In the heart of the forest there's a little village called Lenungshammar which has a population of about 30 people, here is also trailer and wilderness camping which is popular among tourists. There is an informations center, cafeteria, a small shop and a place to rent bikes and canoes.

The reserve comprises many lakes, Stora Gla and Övre Gla being the largest. The terrain is very hilly. The reserve is inhabited by many birds such as lesser whitethroats, three-toed woodpecker, spotted nutcracker, goldcrests. By the lakes you can find red-throated divers and loons.

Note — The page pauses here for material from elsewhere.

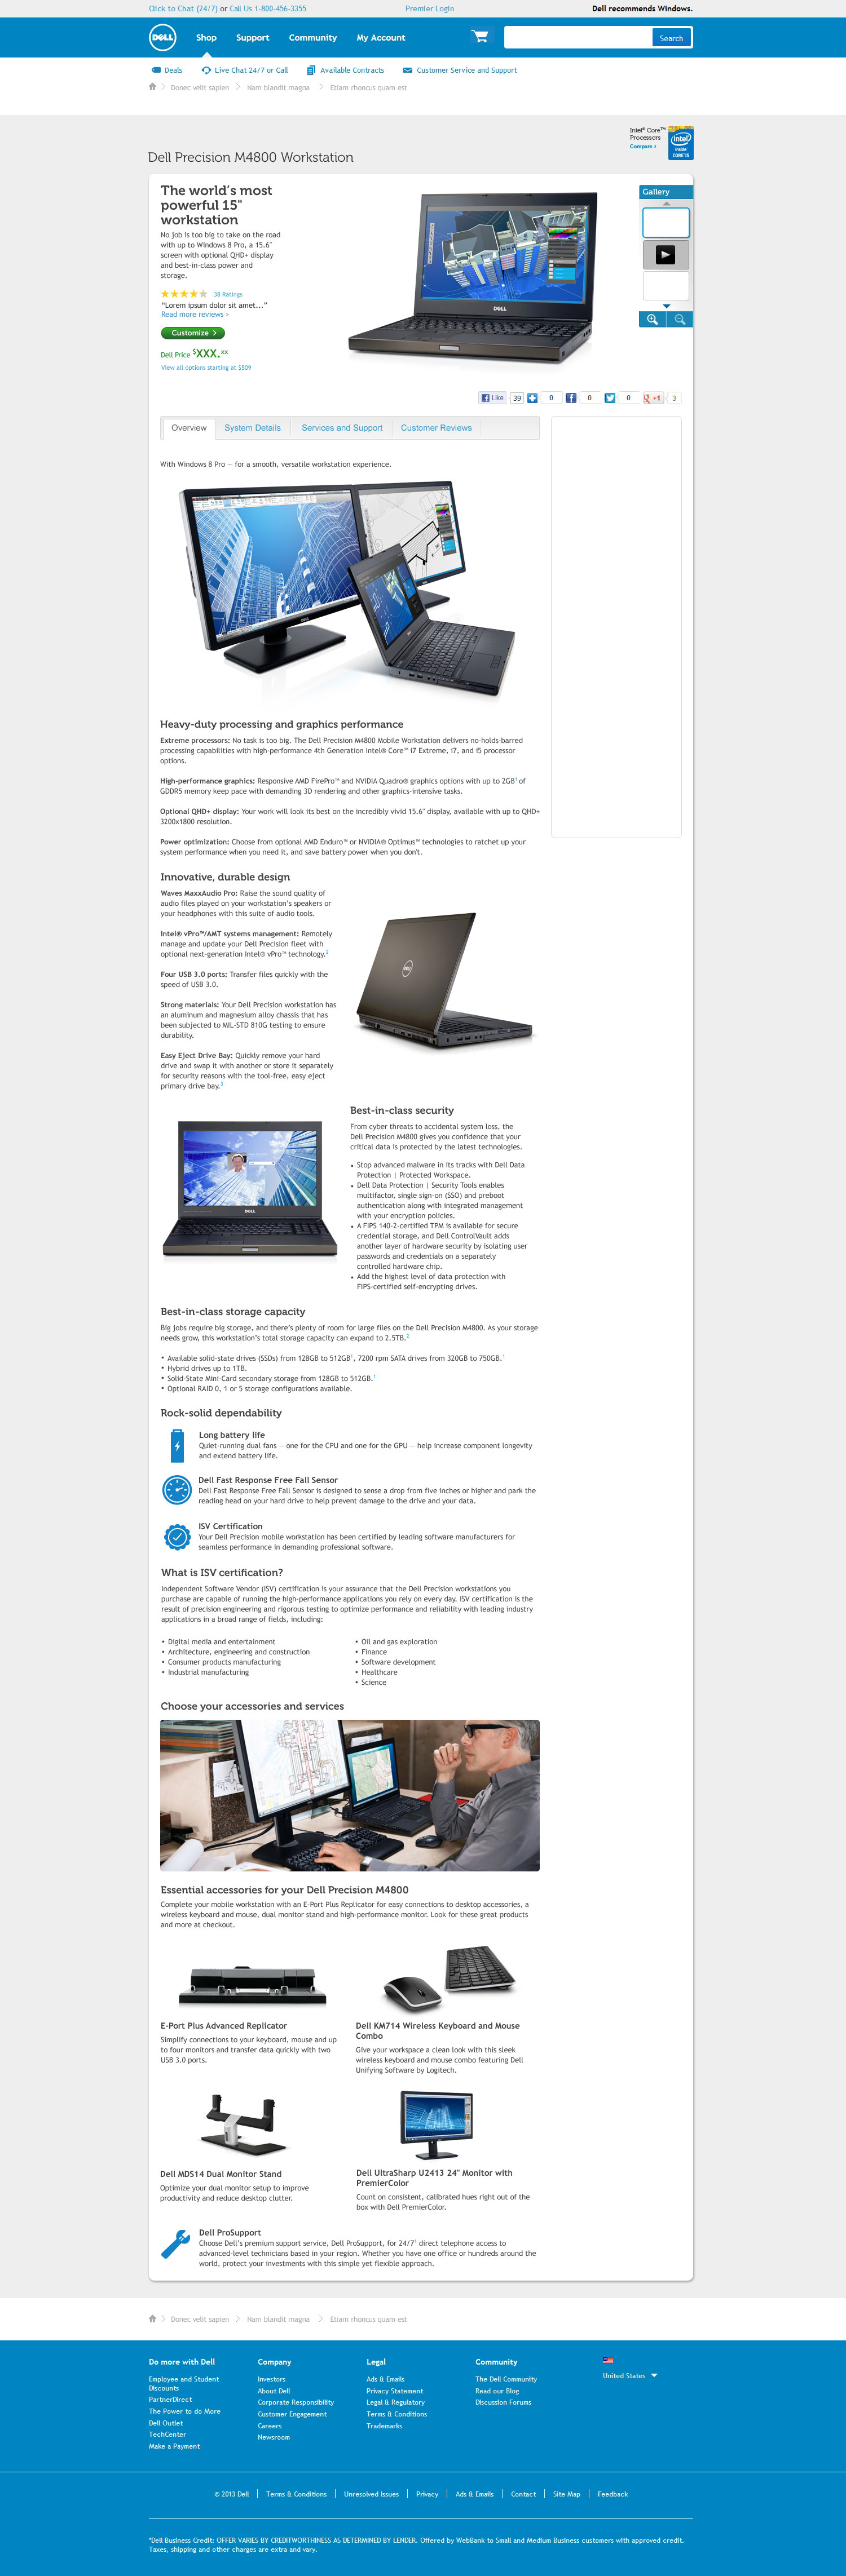 Dell Precision M4800 workstation details page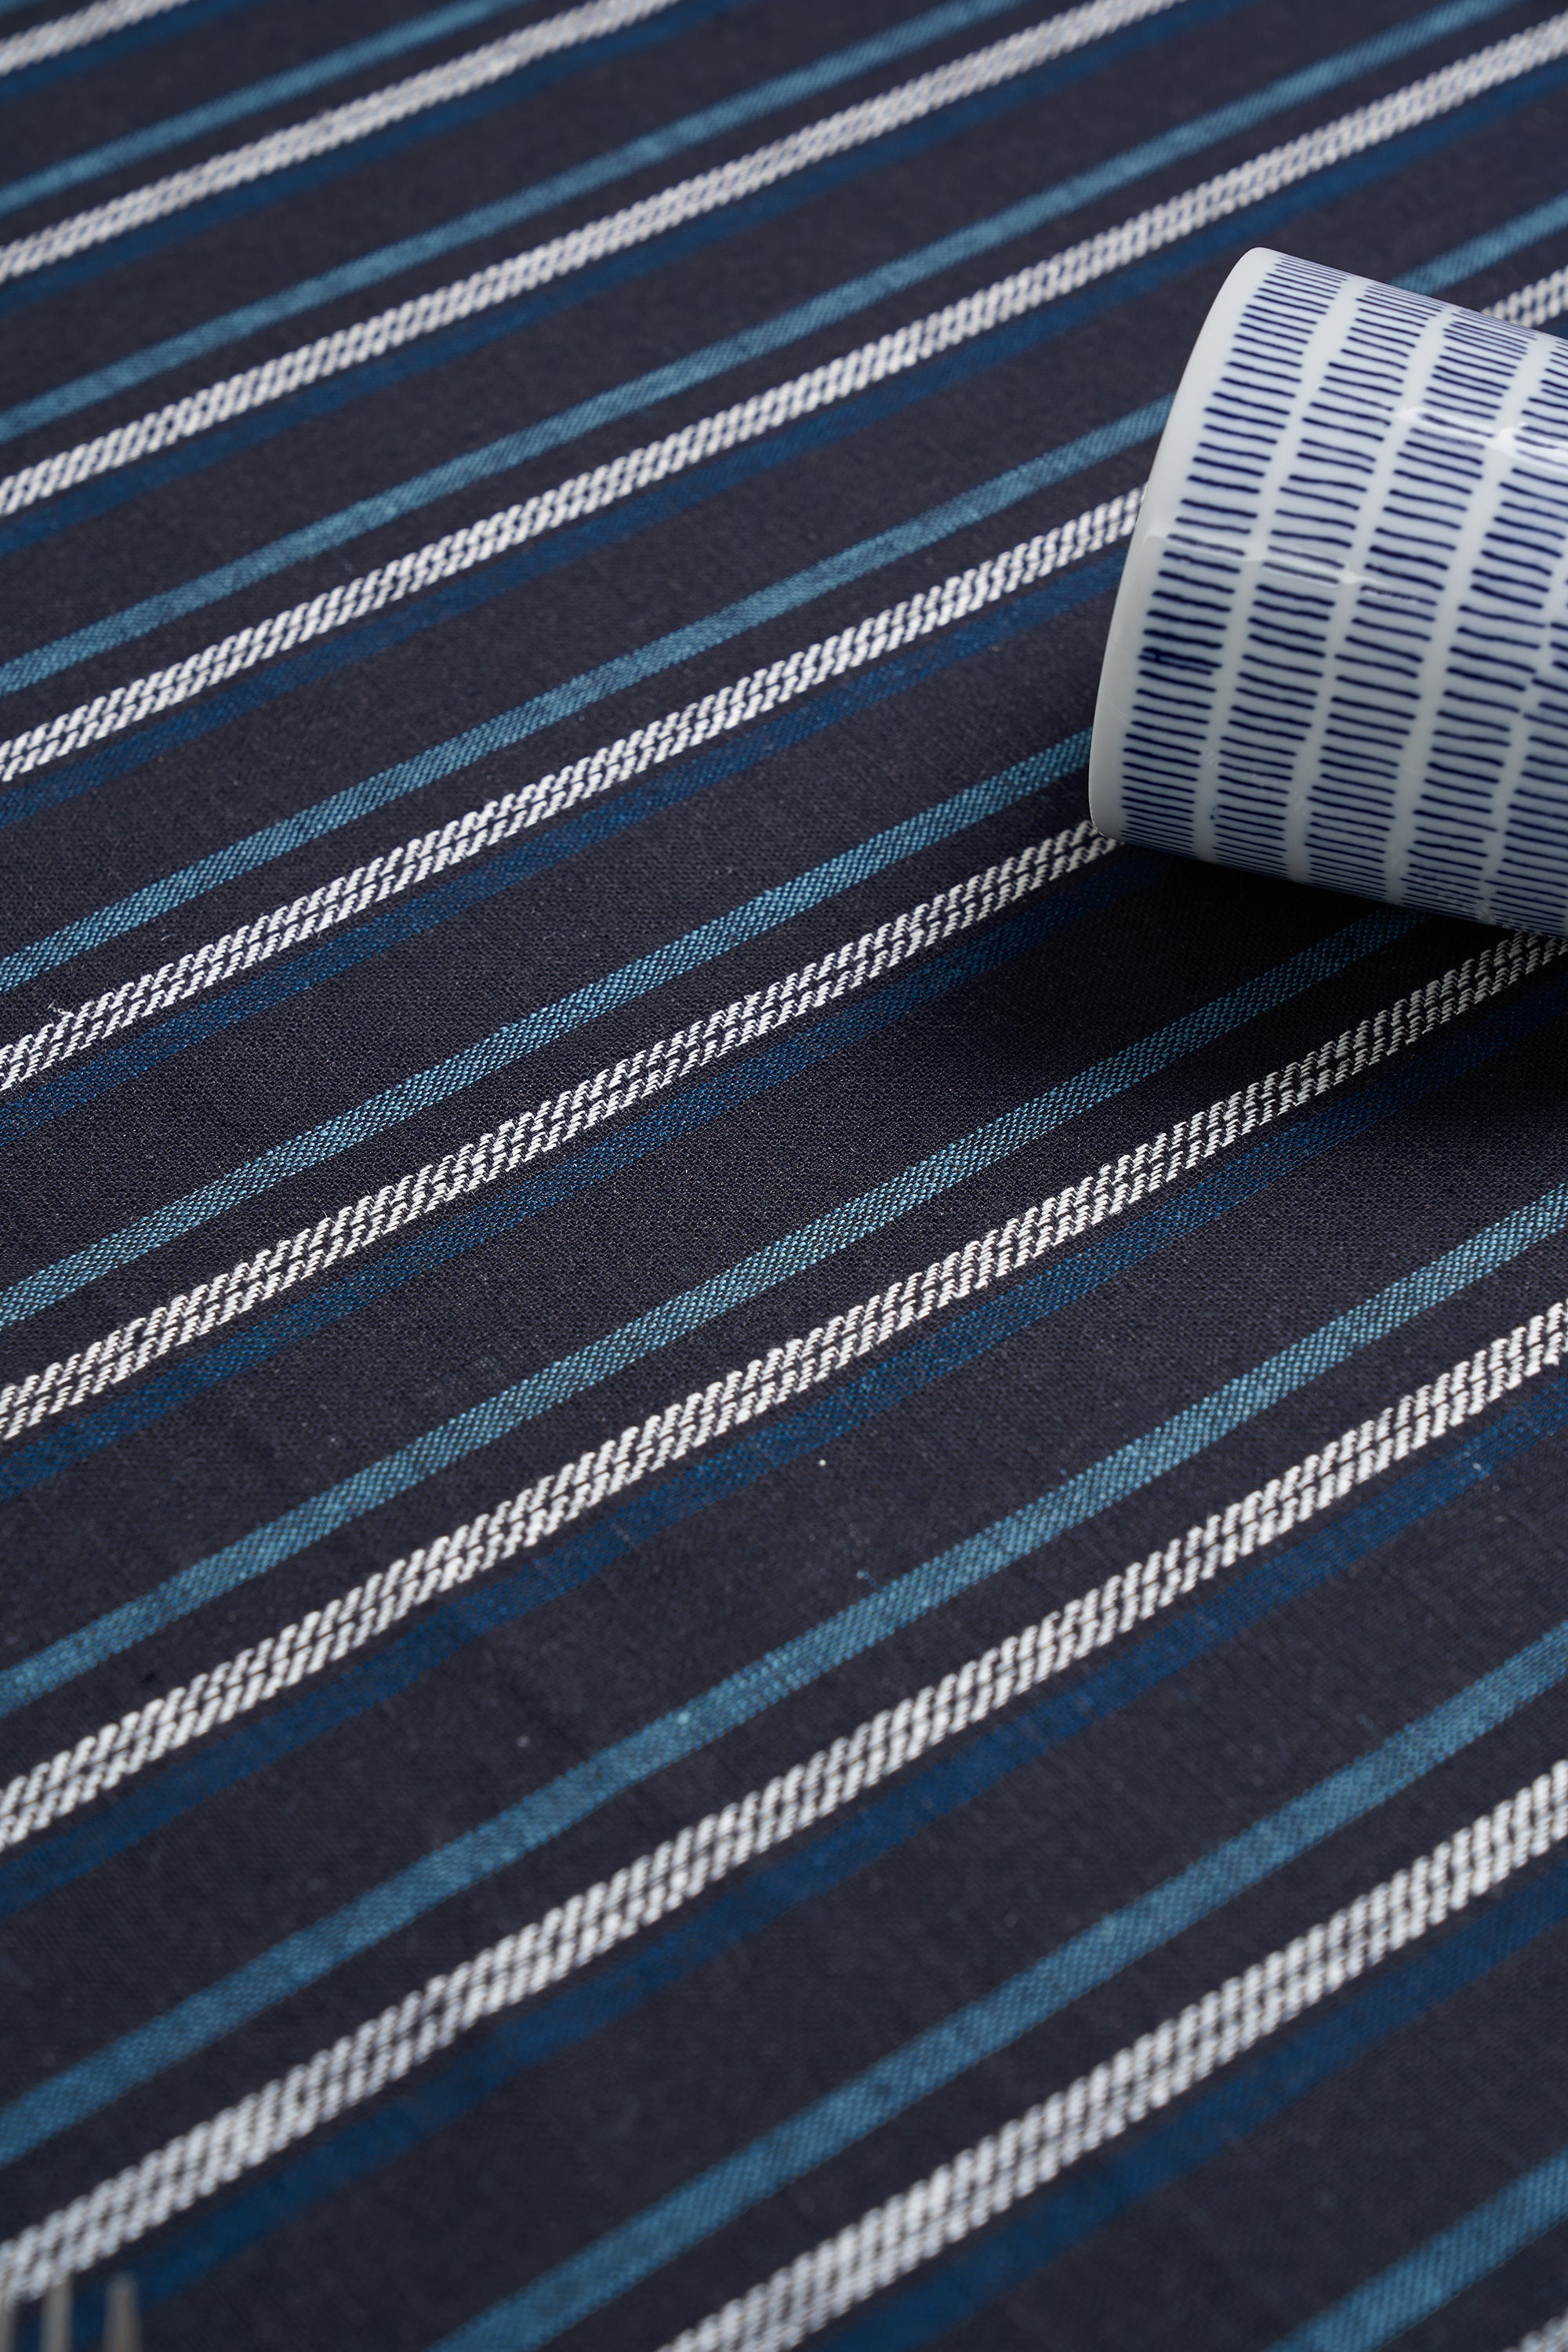 Han&Co. Table Cloth – Linen Stripe ผ้าปูโต๊ะ ผ้าคลุมโต๊ะ สี Linen Stripe HCTBC09

Glaskogen is known for its hiking trails. With an estimated total of 300 km of hiking trails. The many lakes located in the reserve make it a popular fishing preserve and canoe trip for tourists.

== History ==
Glaskogen was first populated by Finnish immigrants who sought settlement in the late 1500s. The legend says that the first people to seek settlement here only brought a knife, axe and a loonskinn filled with rye grains. The first settlers exerted burn-beating. They mainly lived in small huts and cottages on the highgrounds of the natural reservoir, that way they could grow their grain in the valleys down below.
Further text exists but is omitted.